Where Housing First has been tried, its results are dramatic, Silver said. For example, 80 percent to 90 percent of the homeless people housed by Housing First programs tend to keep living where they’ve been placed, he said. Plus, he said, nearly half also make progress in beating their other troubles once they’re got someplace to call their own.

“It’s been shown that just living in a household is therapeutic. You see all sorts of improvements just by the fact that they are living in safe housing,” he said.

Reservations about the plan have been voiced by the former chairwoman of the Vancouver Housing Authority board of directors. Ceci Ryan Smith, who left the board last spring, doesn’t believe the public has had a chance to study the proposal. She’s worried about concentrating too many services for the poor in one place, she said.

“It’s been going on in downtown Vancouver for over 20 years,” she said. “There are people all throughout Clark County who have challenges. They should be met where they are.”
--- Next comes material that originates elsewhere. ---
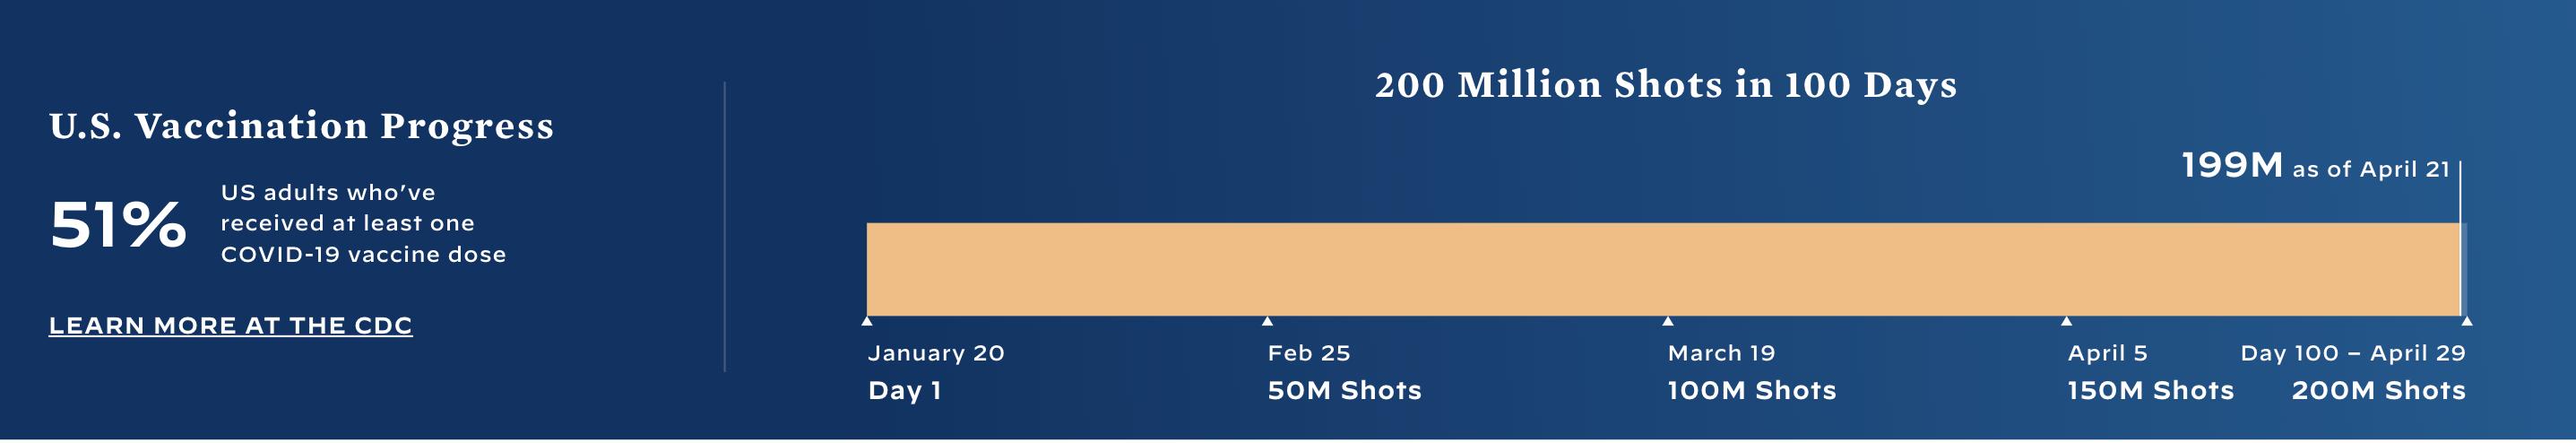 Así el ritmo de aplicación de vacunas contra COVID-19 al día de hoy en Estados Unidos. Mañana superarán las 200 millones de dosis aplicadas. Datos de la Casa Blanca /CDC.

Silver said the plan is aimed at the chronically homeless who are already haunting downtown. Johnson said putting the new building beside Share House is a way to contain the whole operation and its clients. “Living there permanently is one of the benefits,” he said. “The staff from each facility will support each other.”

“There is just no way for us to move forward without doing Housing First,” Silver said. “The folks who’ll be served are the ones we hear about from businesses downtown, from neighborhood associations. These are the people you think of, when you think of a stereotypical homeless person. It’s someone living on a sidewalk or in an encampment somewhere near downtown.”